Com os pesquisadores desse grupo da USP em Ribeirão Preto, Alves desenvolveu um portal para avaliar a Covid-19 no Brasil em tempo real e fazer análises da resposta a medidas de contenção e multiplicação de casos por município. Pesquisadores desse novo grupo também já desenvolveram um mapa do risco da Covid-19 no Brasil. Uma ferramenta semelhante foi criada com sucesso na Espanha, por uma equipe liderada por Alex Arenas, da Universidade Rovira i Virgili, e Jesús Gómez-Gardeñes, da Universidade de Zaragoza. O mapa do risco estimado para o Brasil foi desenvolvido pelos brasileiros Wesley Cota e Silvio C. Ferreira, ambos da Universidade Federal de Viçosa, em Minas Gerais.
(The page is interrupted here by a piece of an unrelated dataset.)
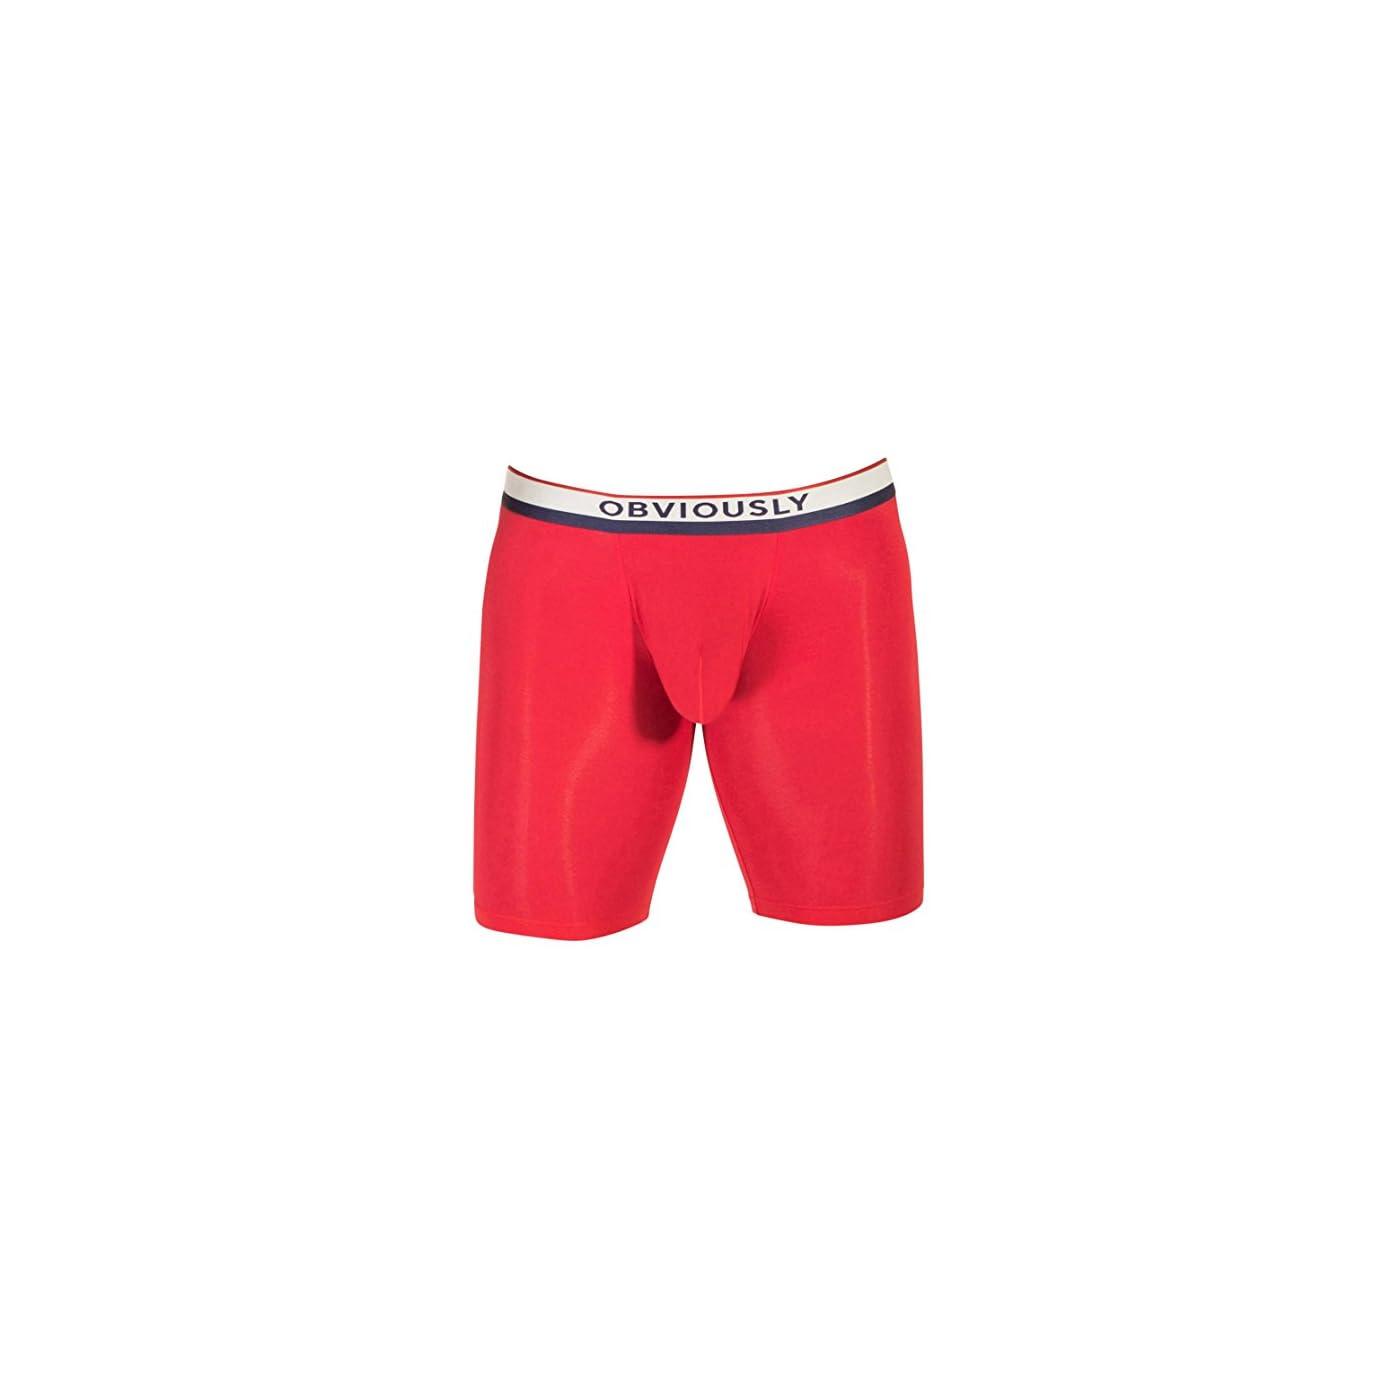 c30b6dd097ea81 1 Underwear Brand

O mapa mostra o risco por município, baseado num modelo para a disseminação de epidemias com dados de mobilidade pendular (recorrente) entre municípios da população ativa no Brasil. Os dados foram compilados do Censo Demográfico do Brasil de 2010 realizado pelo Instituto Brasileiro de Geografia e Estatística (IBGE).

Para os cientistas, o quadro que se apresenta mostra que, num país com o tamanho continental e as desigualdades socioeconômicas do Brasil, a análise precisa ser realizada em nível municipal, de modo articulado com o nível estadual, para oferecer aos gestores e à população em geral um retrato preciso da propagação da epidemia. As análises precisam levar em consideração dados de mobilidade das pessoas, informações demográficas e socioeconômicas, capacidade instalada dos serviços de saúde, de equipamentos de proteção adequados aos profissionais de saúde, de kits diagnósticos rápidos e de leitos hospitalares e de terapia intensiva necessários a atenção ao paciente grave. “Só assim vamos obter de modo mais rápido o achatamento da curva de transmissão e menor mortalidade”, frisam os cientistas.

Eles destacam que, a despeito de alguns governadores no Brasil estarem tomando medidas mais ousadas, já deveríamos ter implantado a estratégia de contenção e supressão em vários municípios, medidas tomadas pelos países acometidos pela Covid-19. De acordo com experiências relatadas em regiões da China e Itália, a efetividade dessas medidas é maior quando iniciada precocemente, quando o número de casos suspeitos e confirmados está baixo. “Qualquer atraso na implementação das ações pode implicar em repercussões muito graves, com número crescente de óbitos e aumento substancial da dificuldade para controle da transmissão, a médio e longo prazo”, alertam os pesquisadores.